| Task goal |
Exact repetition of a range: find the line containing "Chuyên bán ( cung" and the line containing "Un Camping camping-car" in the material below, then repeat both and all lines between them, leaving pictures out.

| Supplied records |

----------------

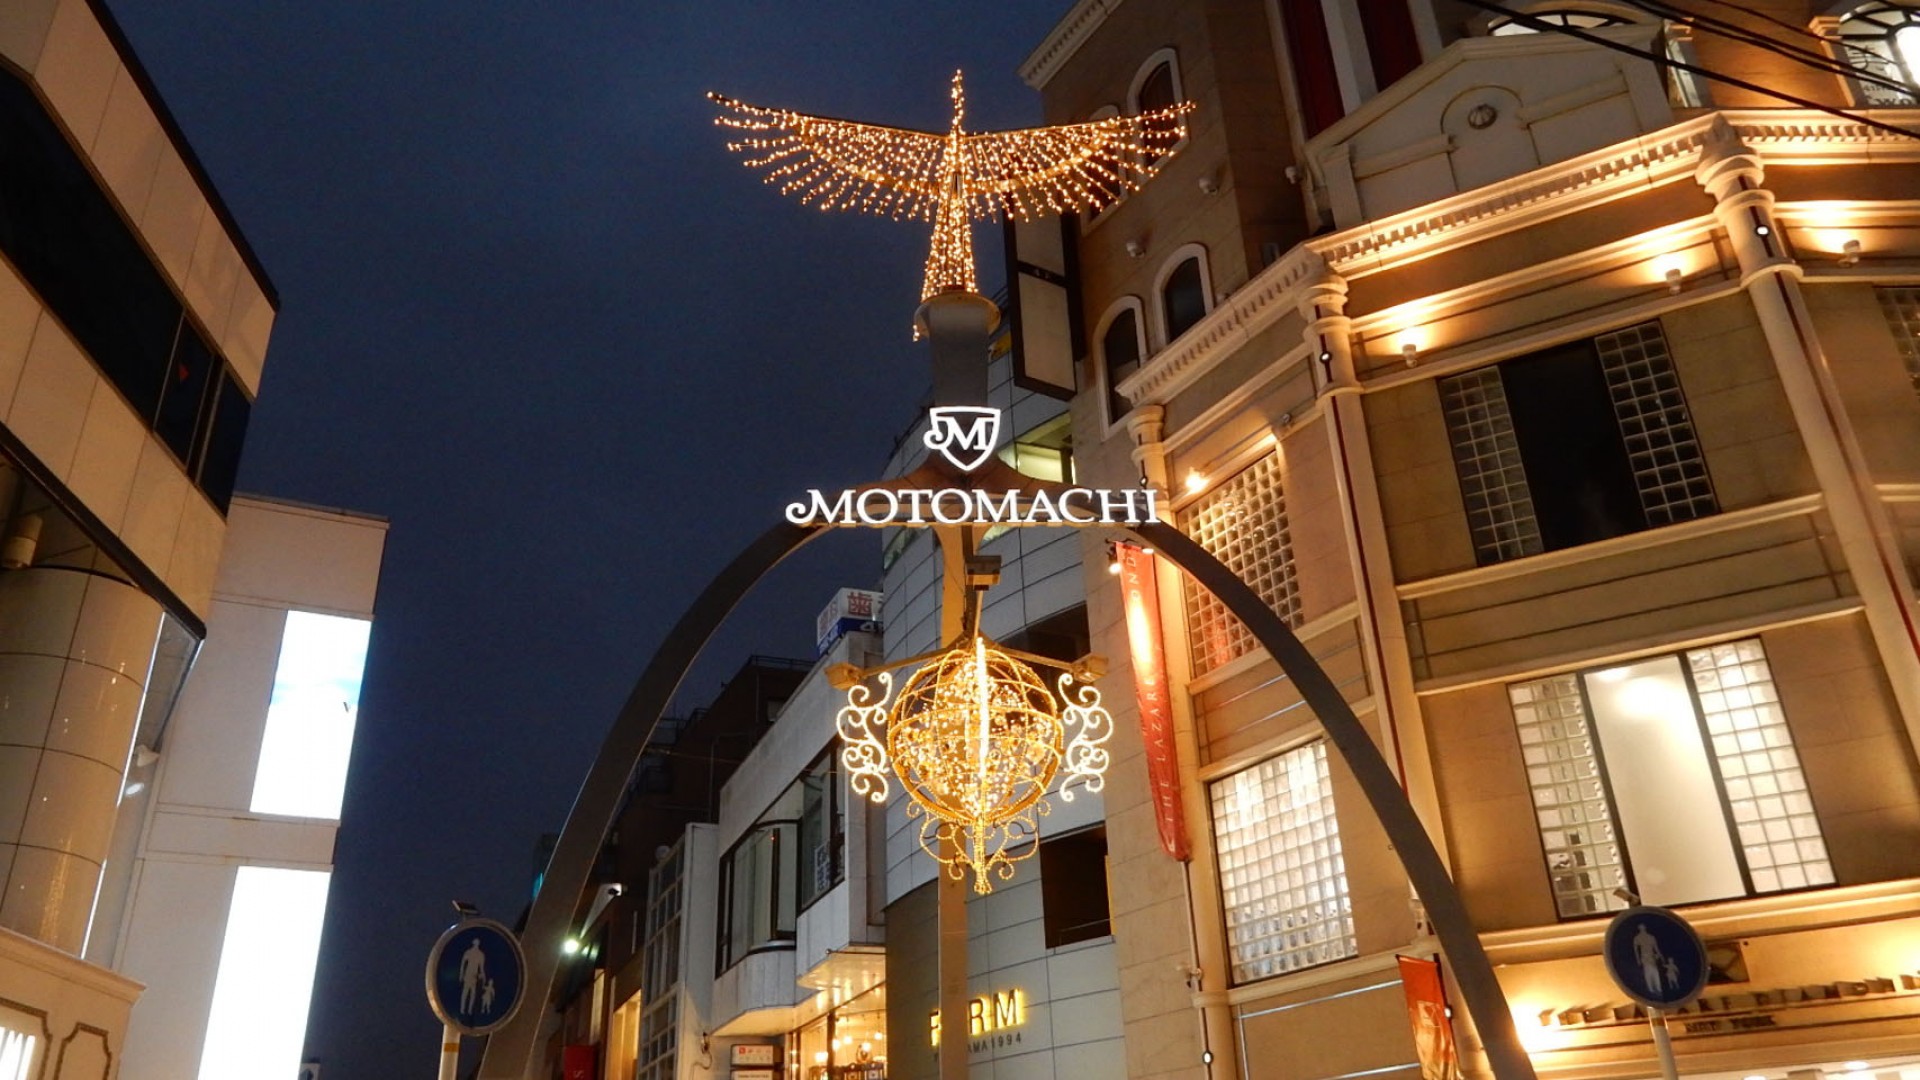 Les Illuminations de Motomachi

----------------

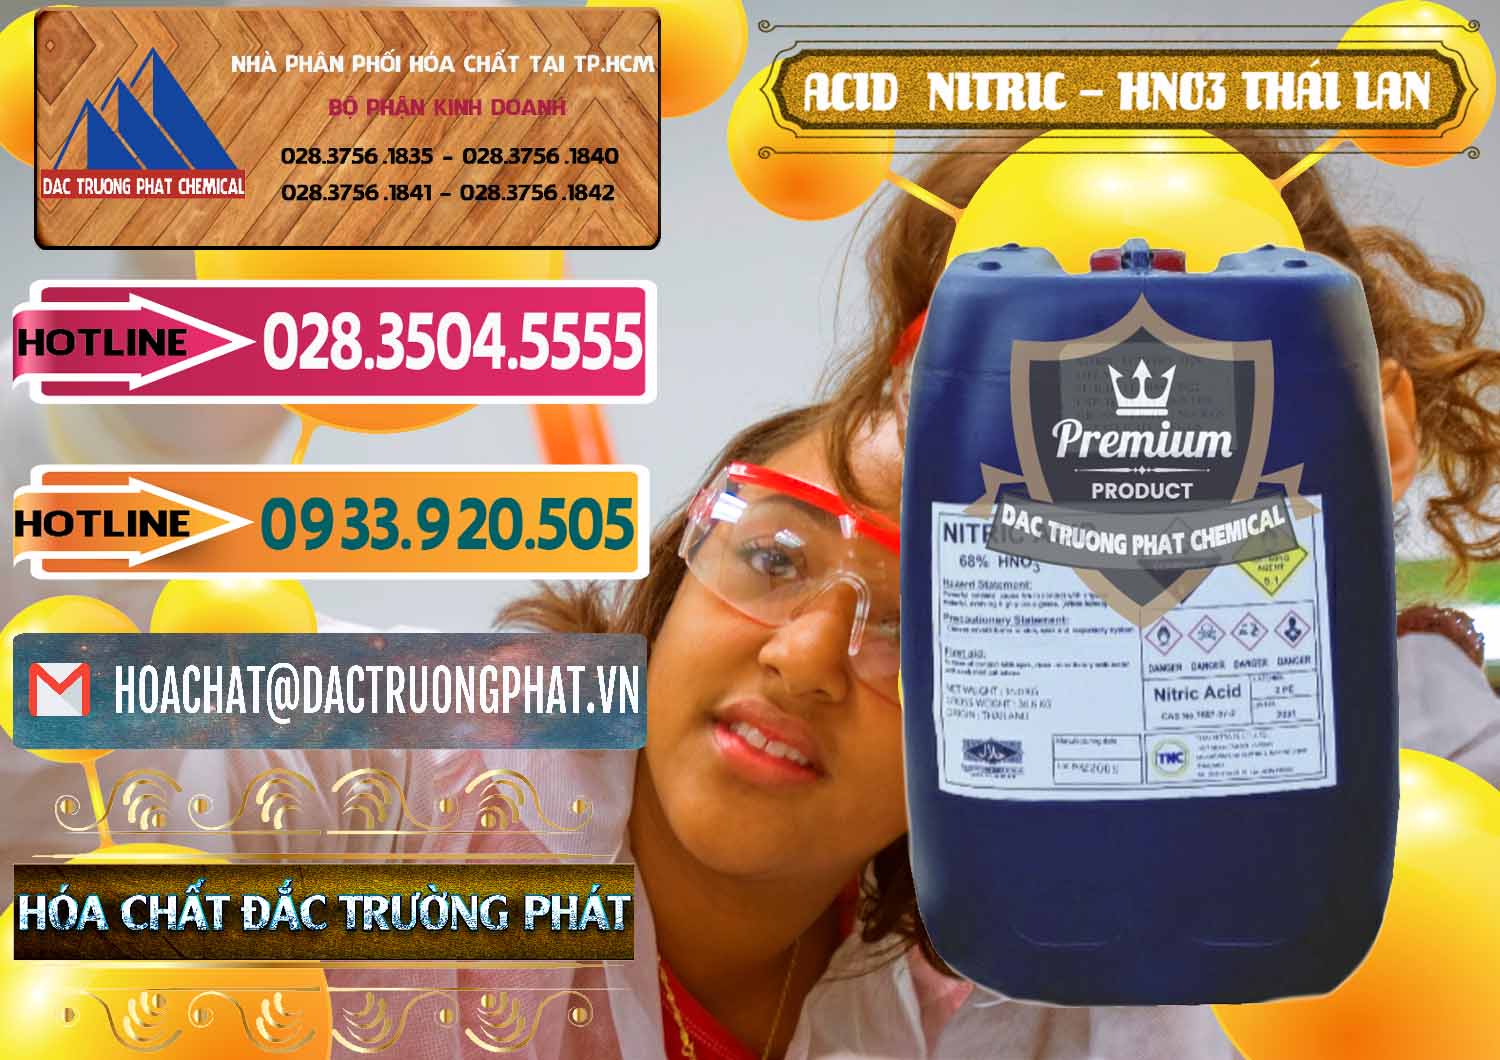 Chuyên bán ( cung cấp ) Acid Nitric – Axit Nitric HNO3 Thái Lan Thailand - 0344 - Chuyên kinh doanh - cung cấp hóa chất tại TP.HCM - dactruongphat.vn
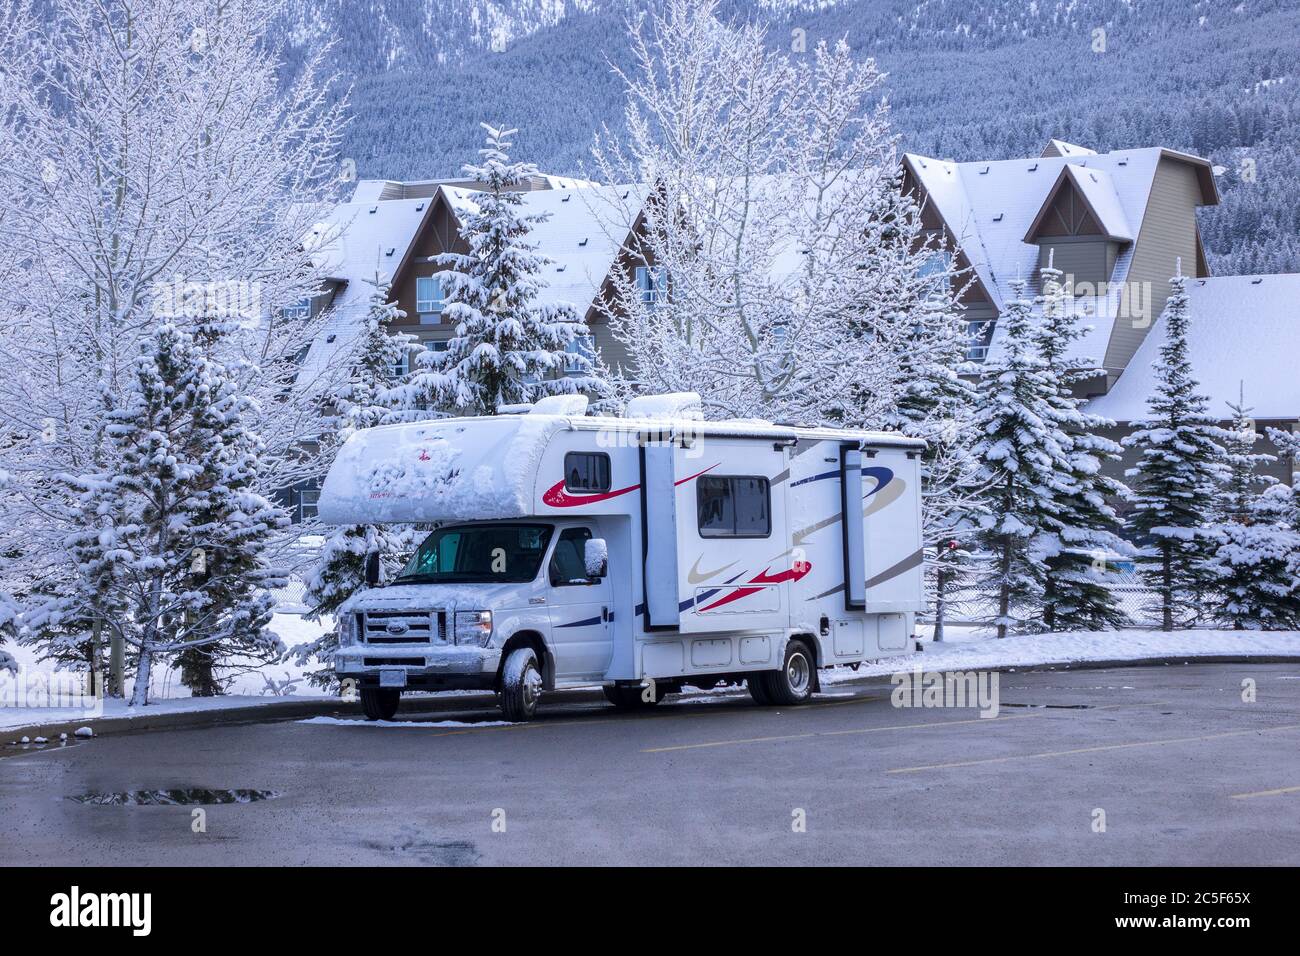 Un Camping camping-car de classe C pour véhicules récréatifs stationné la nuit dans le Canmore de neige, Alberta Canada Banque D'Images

----------------

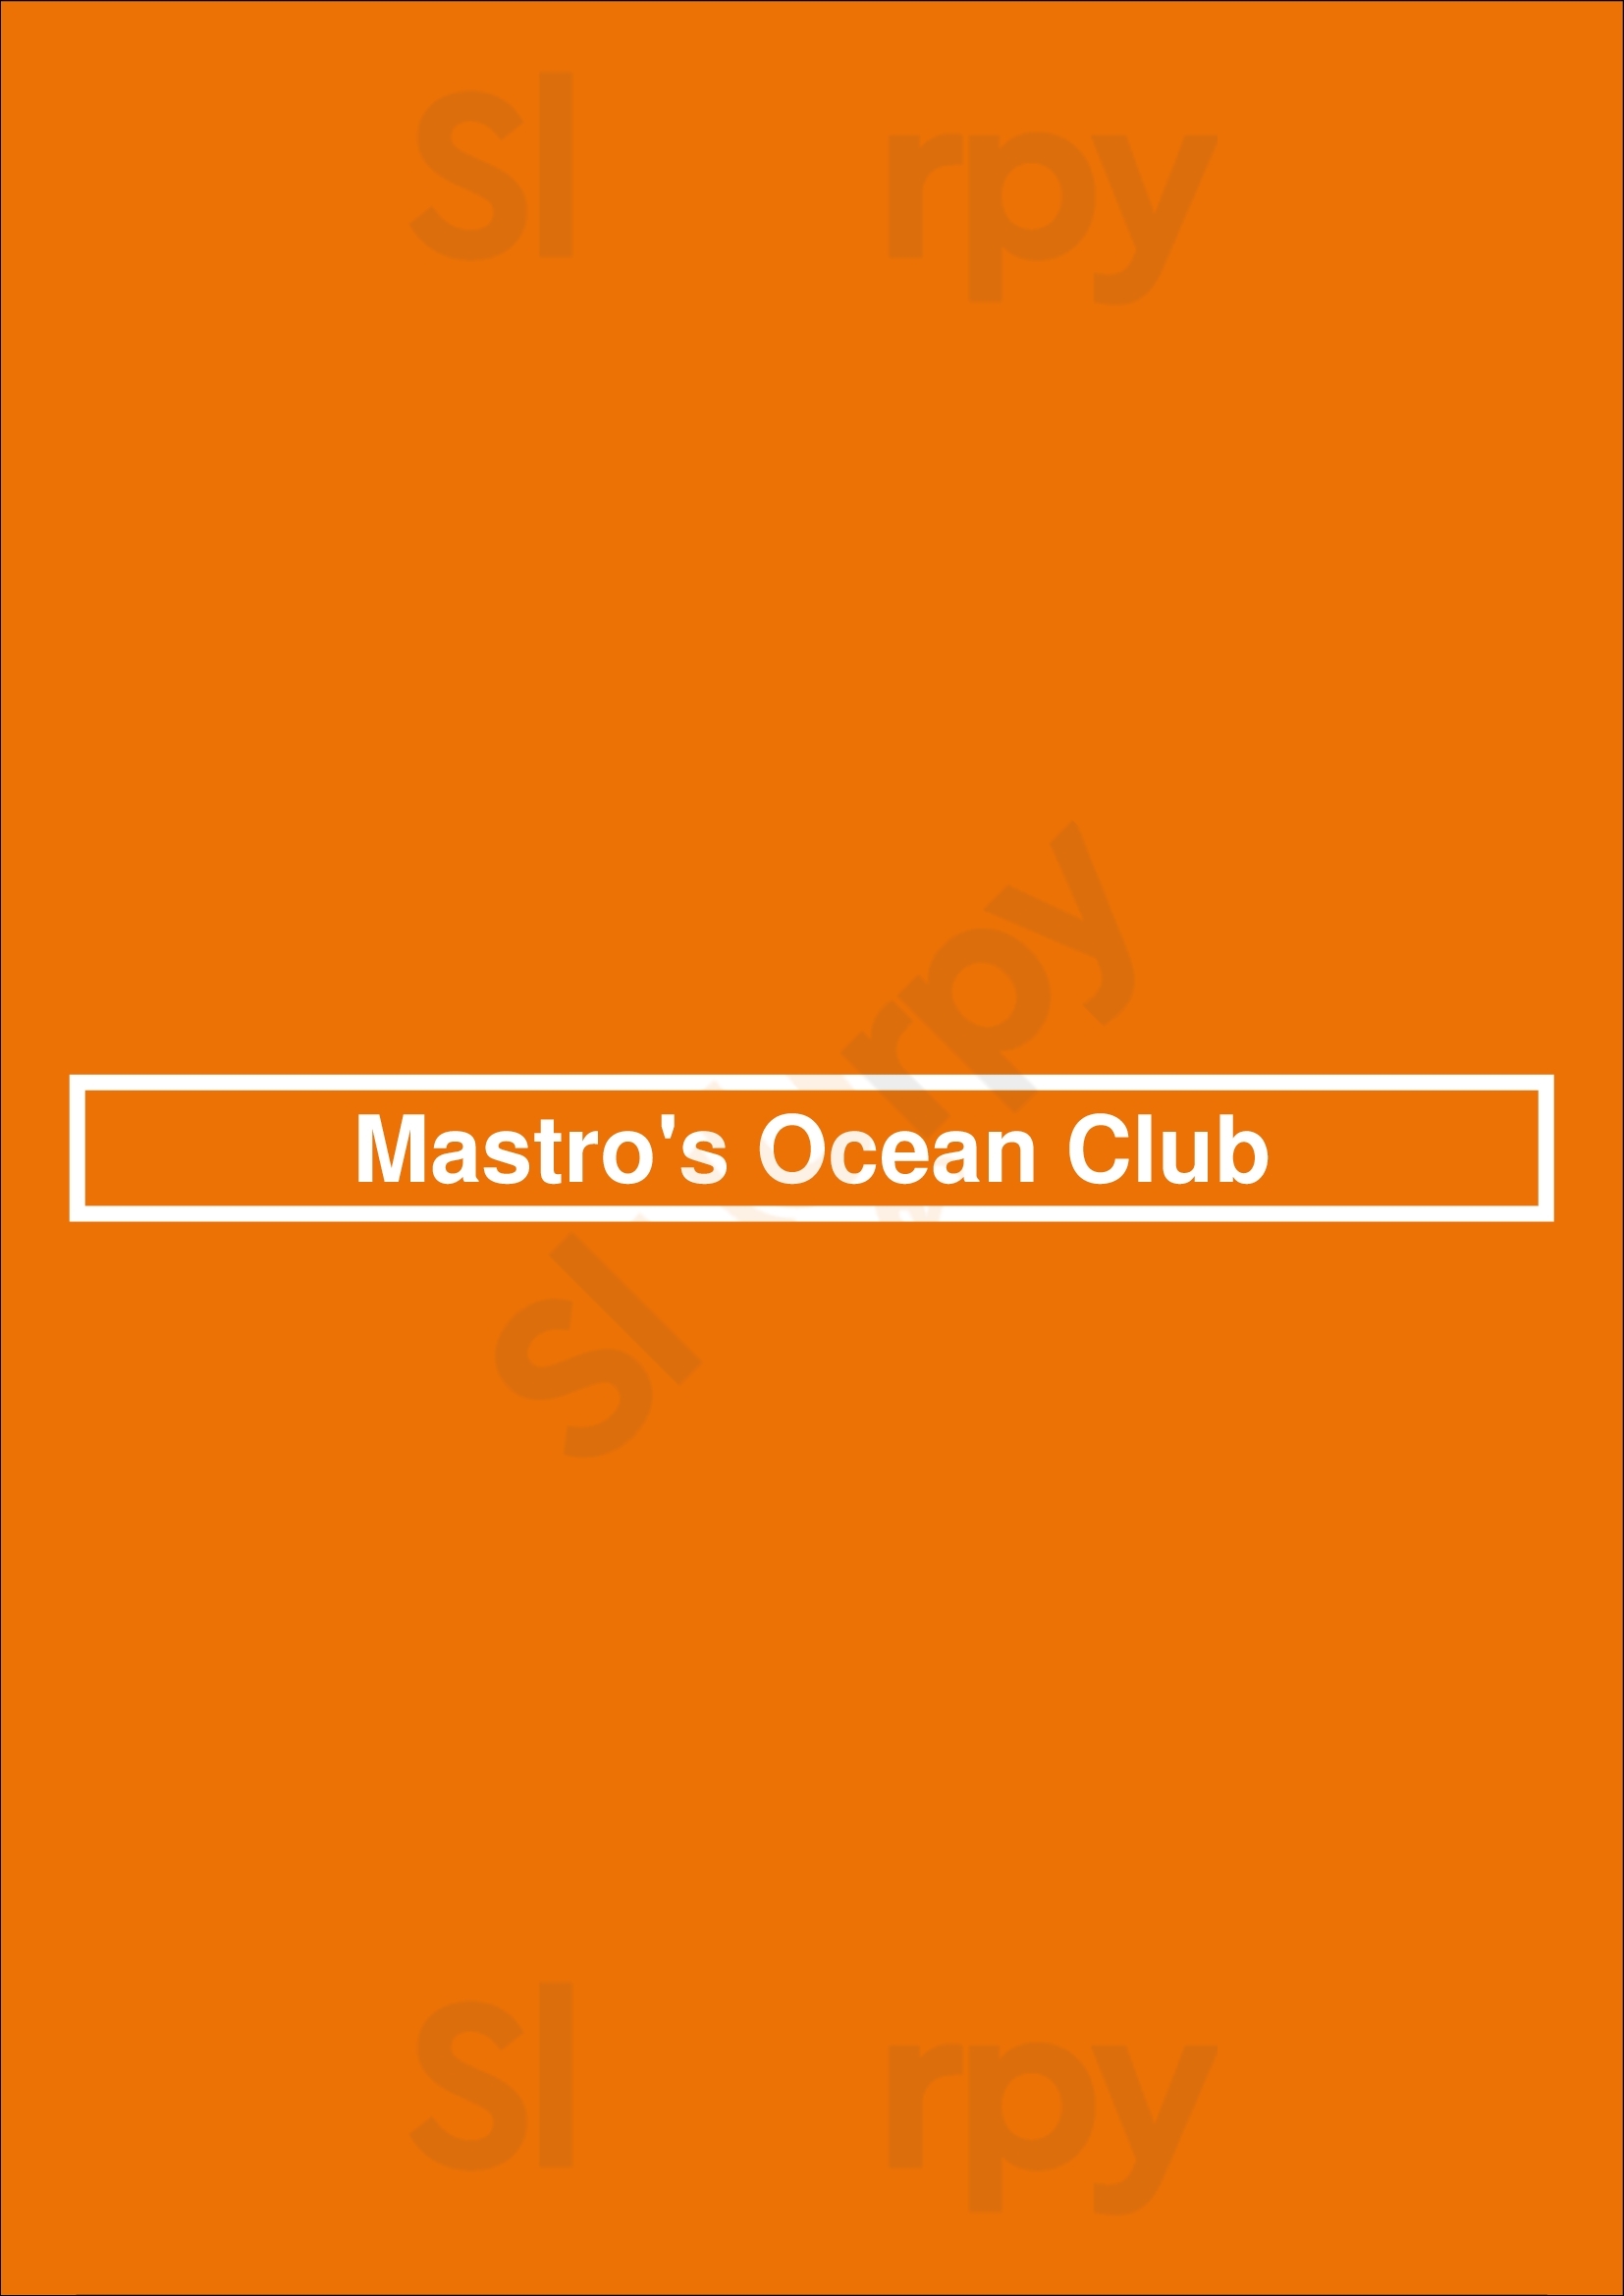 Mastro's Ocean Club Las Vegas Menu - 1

----------------

| Written response |
 Chuyên bán ( cung cấp ) Acid Nitric – Axit Nitric HNO3 Thái Lan Thailand - 0344 - Chuyên kinh doanh - cung cấp hóa chất tại TP.HCM - dactruongphat.vn
 Un Camping camping-car de classe C pour véhicules récréatifs stationné la nuit dans le Canmore de neige, Alberta Canada Banque D'Images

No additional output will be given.